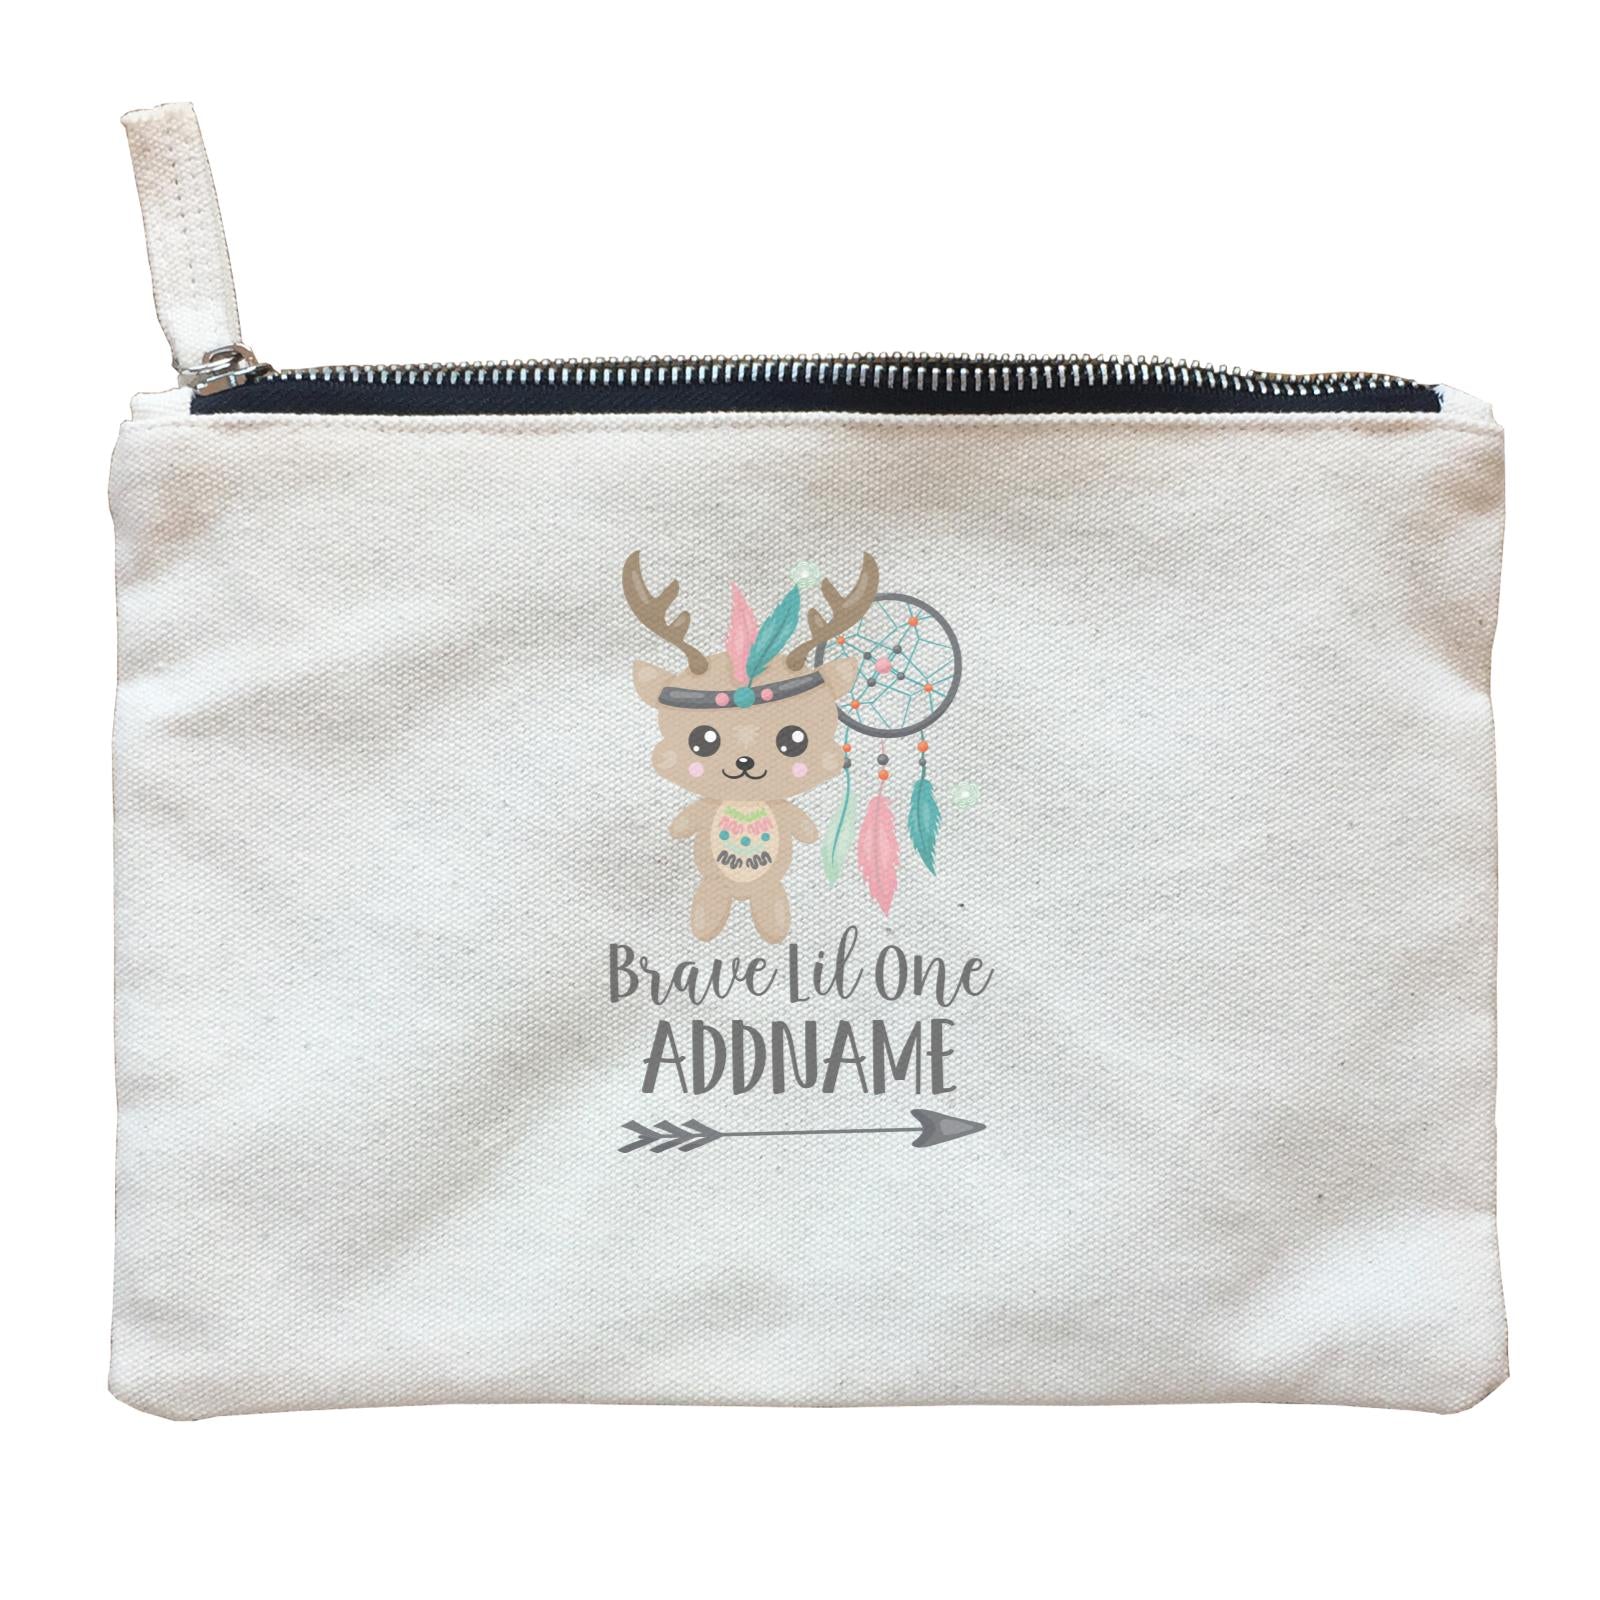 Cute Tribe Animals Deer Brave Lil One Addname Zipper Pouch
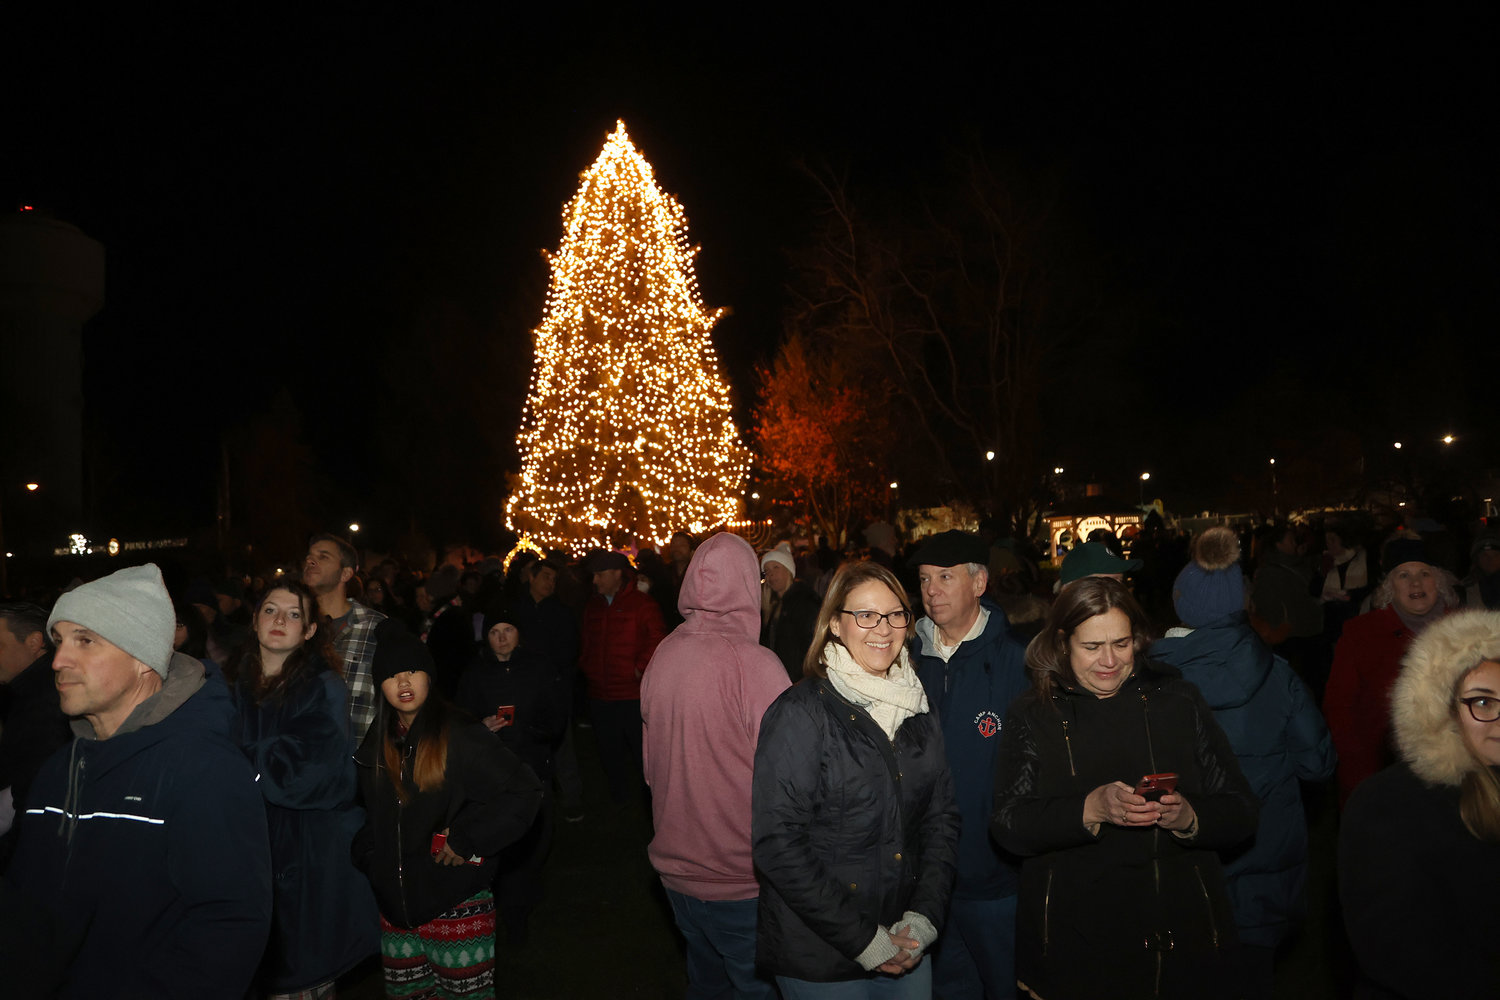 Hundreds gathered along the Village Green in Rockville Centre for the annual tree lighting ceremony on Dec. 1.
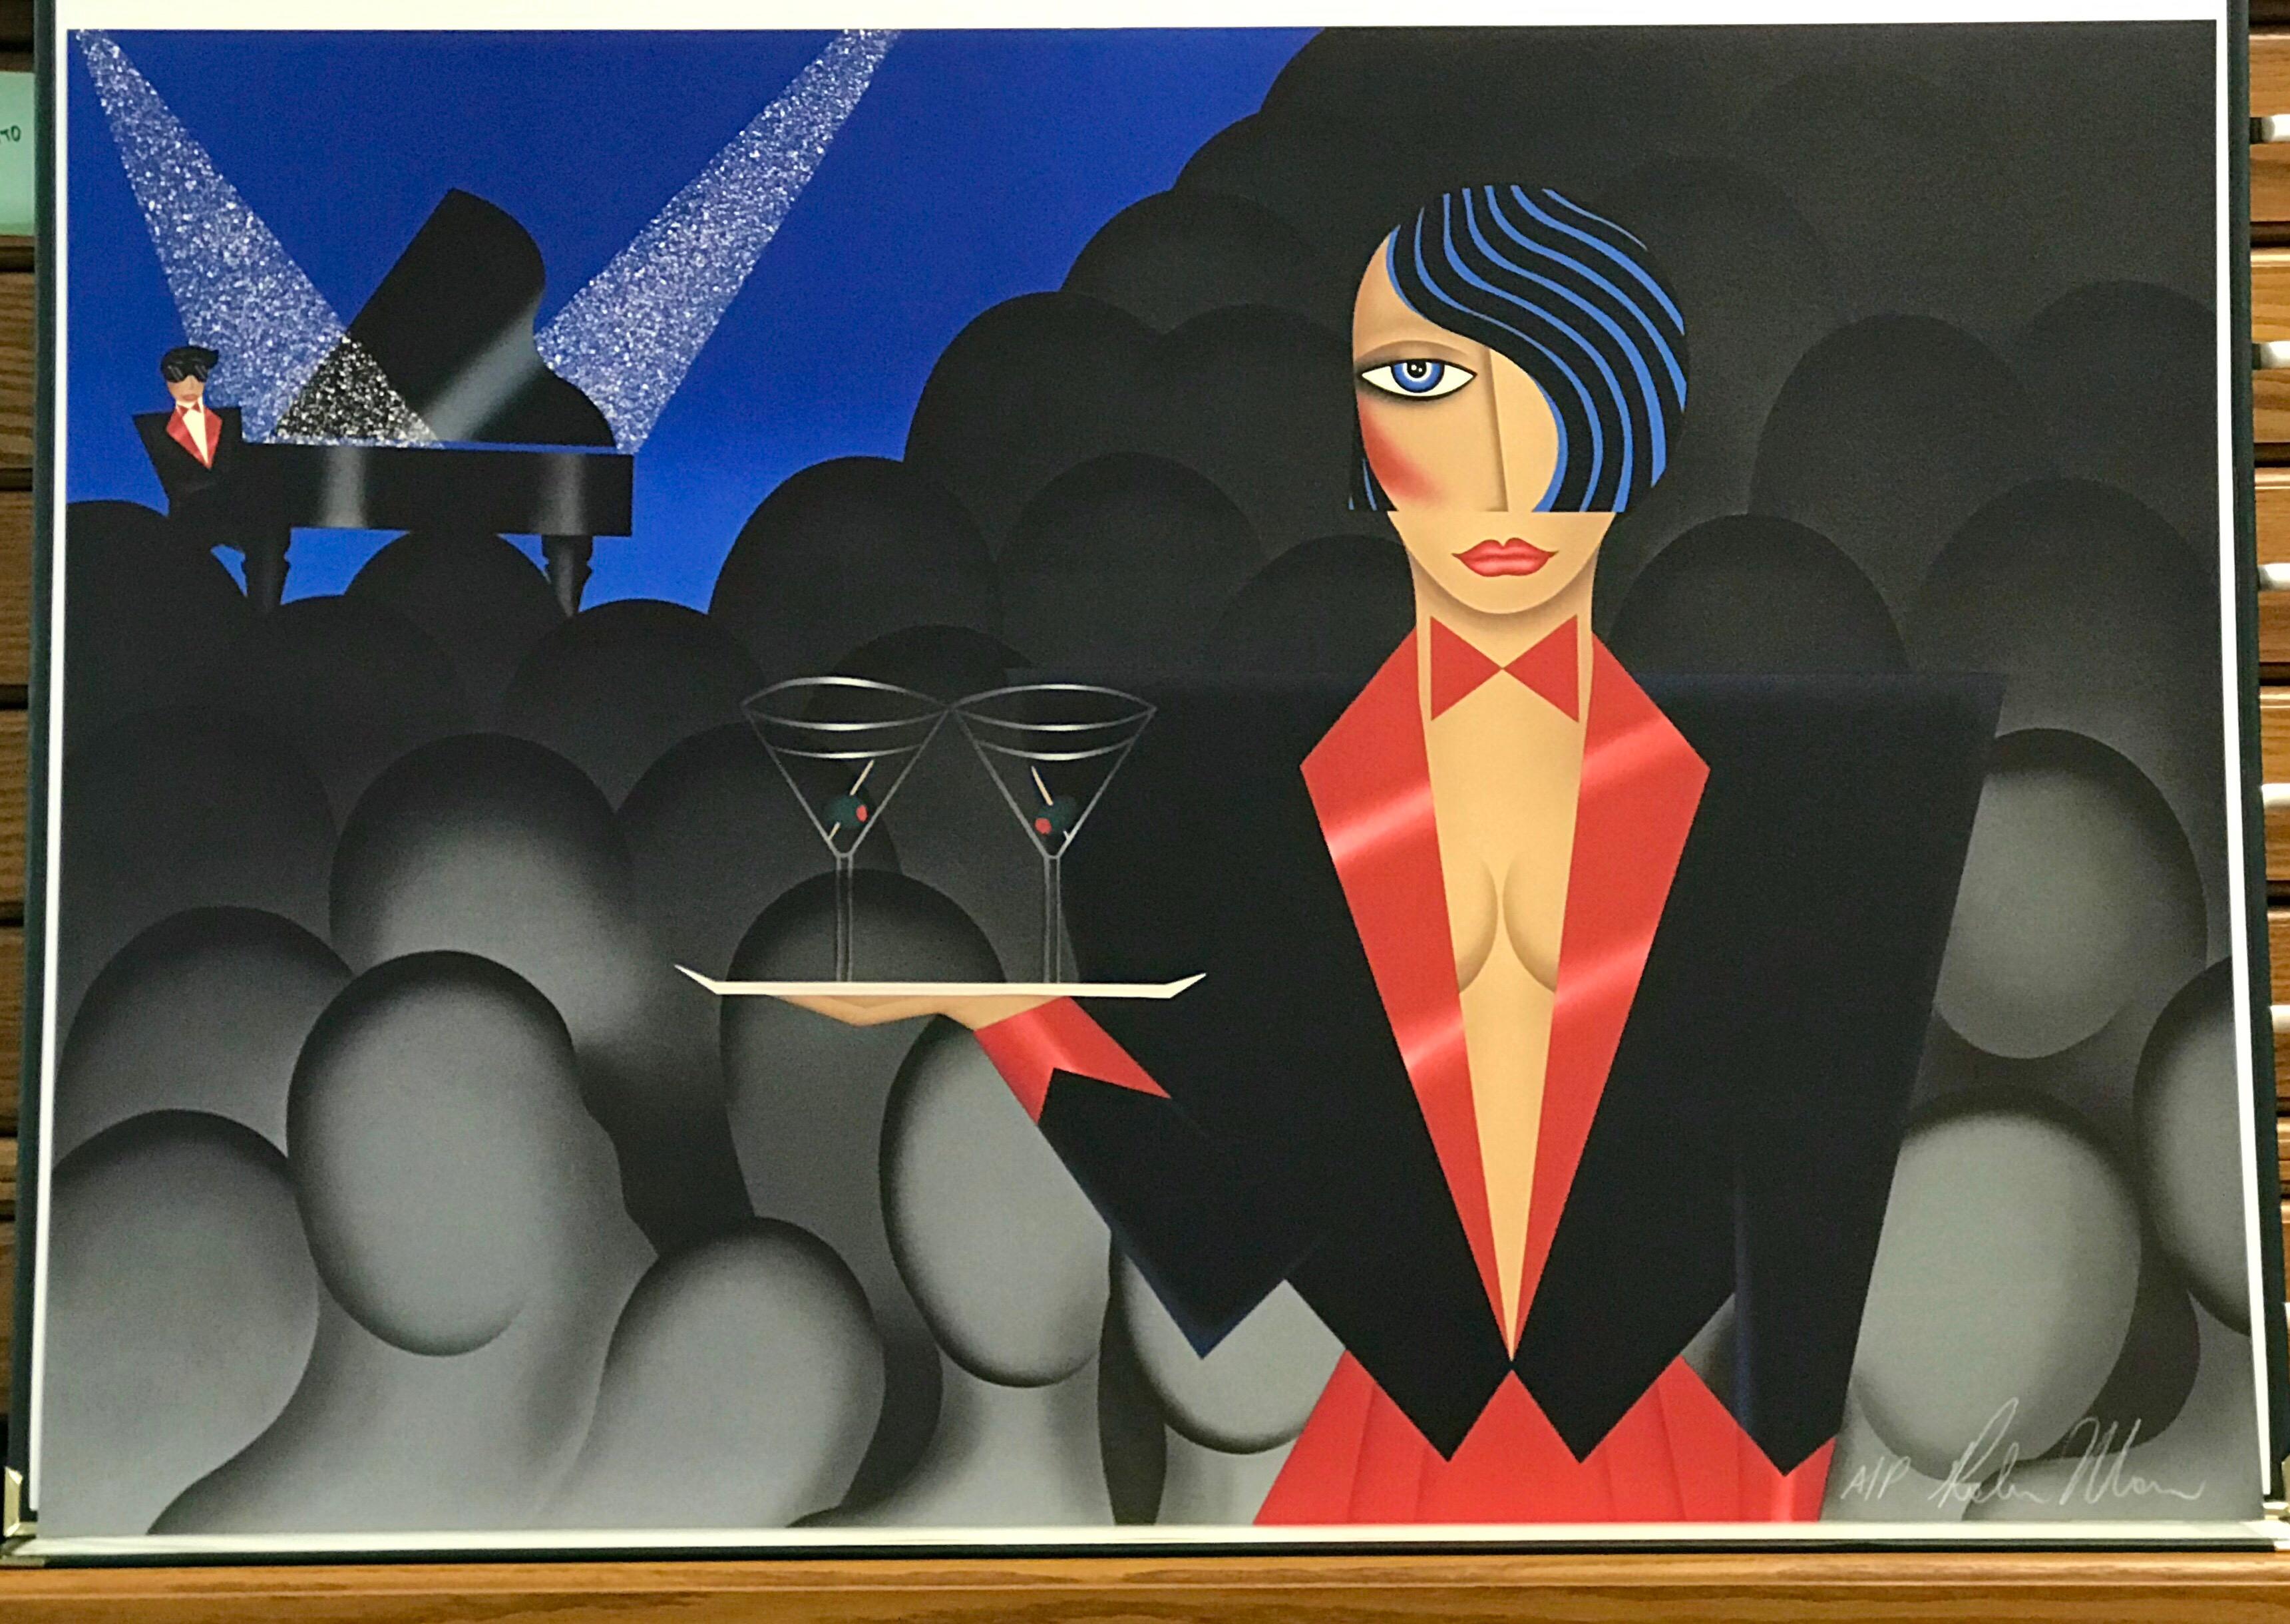 ALONE IN A CROWD Signed Lithograph, Woman Cocktail Waitress, Martini, Art Deco  - Print by Robin Morris

################

* **Task objective**:
Reproduce the data in full. Do not carry over any picture.

* **Solution for this problem**:
 Cute Tribe Animals Deer Brave Lil One Addname Zipper Pouch
 Hundreds gathered along the Village Green in Rockville Centre for the annual tree lighting ceremony on Dec. 1.
 ALONE IN A CROWD Signed Lithograph, Woman Cocktail Waitress, Martini, Art Deco  - Print by Robin Morris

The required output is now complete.